A Study in Romans · The Gospel That Changed the World
The Jew, the Law, and the Circumcised Heart
Romans 2:17–29
There is a man in the synagogue who has heard everything Paul has said so far and is not worried. He has the law of Moses. He knows the God of Abraham. He was circumcised on the eighth day, a son of the covenant, born into the people to whom God revealed Himself. He teaches. He instructs. He is, by any reasonable account, the man who is furthest from the description in chapter one. Paul now speaks directly to him, and what he asks is one of the most serious questions a man can be asked: does what you have received match what you are doing?
The inventory of privilege is genuine. Paul is not inventing it to knock it down. "You bear the name 'Jew,' and rely upon the Law and boast in God, and know His will and approve the things that are essential, being instructed out of the Law, and are confident that you yourself are a guide to the blind, a light to those who are in darkness, a corrector of the foolish, a teacher of the immature, having in the Law the embodiment of knowledge and of the truth" (Romans 2:17–20). These are real privileges. The covenants, the prophets, the promises — they had been entrusted to Israel, and Paul does not dismiss a single one of them. He honors them. He simply insists that they carry weight as well as privilege.
Which is what makes the questions that follow so devastating. "You, therefore, who teach another, do you not teach yourself? You who preach that one shall not steal, do you steal? You who say that one should not commit adultery, do you commit adultery? You who abhor idols, do you rob temples? You who boast in the Law, through your breaking the Law, do you dishonor God?" (Romans 2:21–23). The indictment is not that the law is wrong. It is that no amount of privilege closes the gap between knowing the standard and keeping it. The teacher who lives below what he teaches does not merely fail himself — he puts a stumbling block in the road for everyone who is watching him.
Paul makes this precise by calling on the prophets. "For 'the name of God is blasphemed among the Gentiles because of you,' just as it is written" (Romans 2:24). He draws from Ezekiel, who recorded the LORD's grief that His name was profaned among the nations because of what Israel had done (Ezekiel 36:20), and from Isaiah's same lament (Isaiah 52:5). The watching world reads the conduct of God's people as a statement about God Himself. When those who bear His name live no differently from those who do not know Him, the name is brought into contempt.

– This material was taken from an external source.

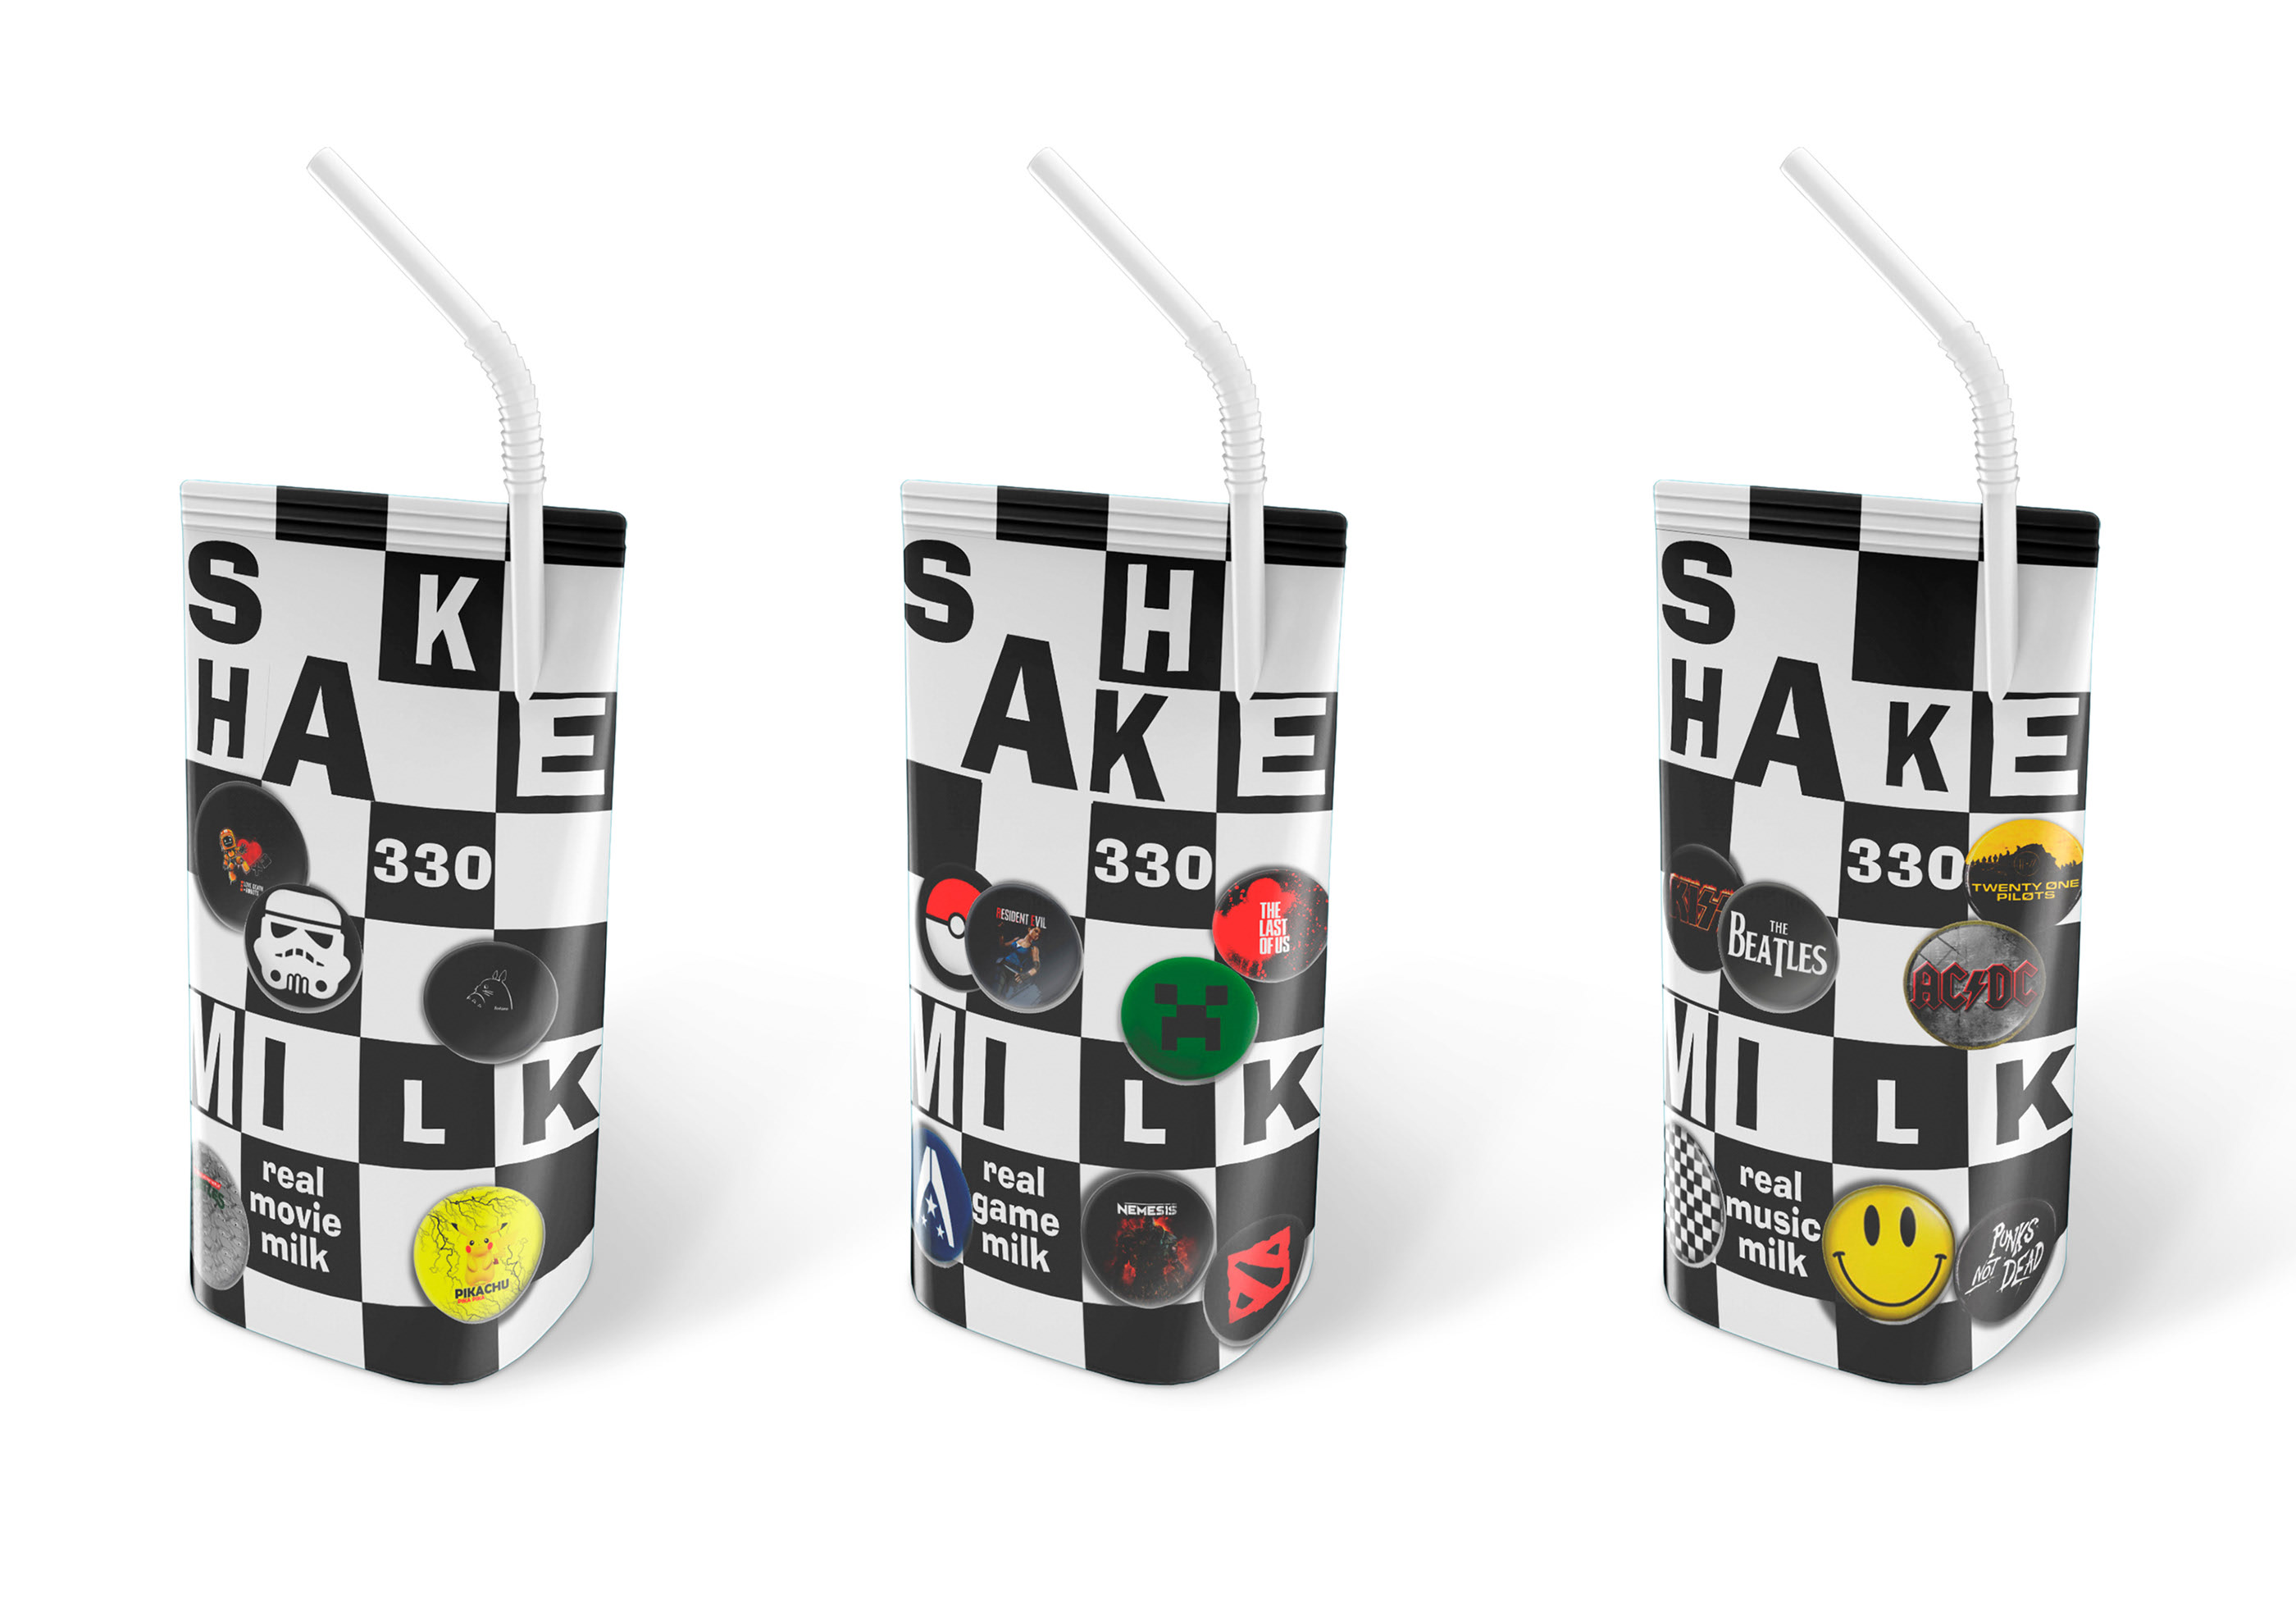 Student Concept for Shake Milk Targeted for Teenagers
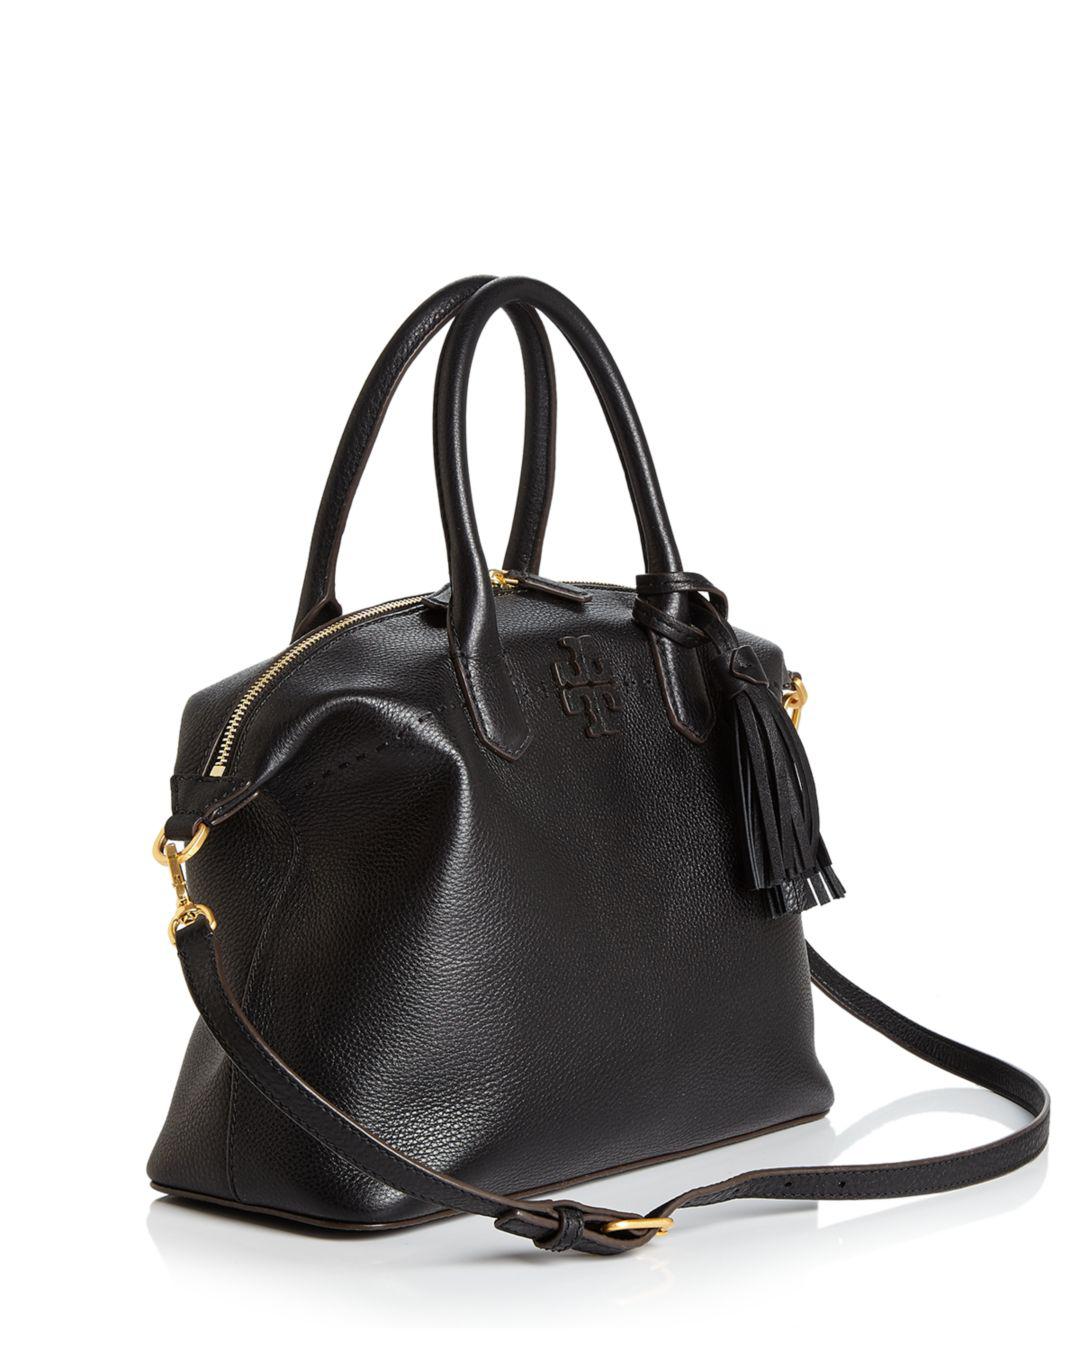 Tory Burch Mcgraw Slouchy Leather Satchel in Black/Gold (Black) - Lyst

That has not changed.
Then Paul takes the argument to the covenant sign itself. Circumcision matters — if you practice the law. But "if you are a transgressor of the Law, your circumcision has become uncircumcision" (Romans 2:25). And the reverse holds: the uncircumcised Gentile who keeps the requirements of the law will stand in judgment over the circumcised Jew who breaks it. The sign and the reality it was meant to signify have come apart, and where they are severed, the sign alone counts for nothing.
The definition Paul arrives at is not a novelty. It is the culmination of what Moses and the prophets had always been reaching for. "For he is not a Jew who is one outwardly, nor is circumcision that which is outward in the flesh. But he is a Jew who is one inwardly; and circumcision is that which is of the heart, by the Spirit, not by the letter; and his praise is not from men, but from God" (Romans 2:28–29). Moses had named the same goal in the wilderness: "the LORD your God will circumcise your heart and the heart of your descendants, to love the LORD your God with all your heart and with all your soul" (Deuteronomy 30:6). Jeremiah had pleaded for it: "Circumcise yourselves to the LORD and remove the foreskins of your heart" (Jeremiah 4:4). The inward transformation was never a New Testament invention. It was the goal God had named from the beginning, and the rite was meant to point toward it, not replace it.
Every generation has its version of the man who trusts the sign in the place of the thing the sign was pointing to. The rite received, the heritage claimed, the church membership held — none of it closes the gap between the standard known and the life lived. The question this passage presses on every reader is not what covenant you stand in or what ceremony marked your entry into it. It is whether the heart has actually been turned toward God.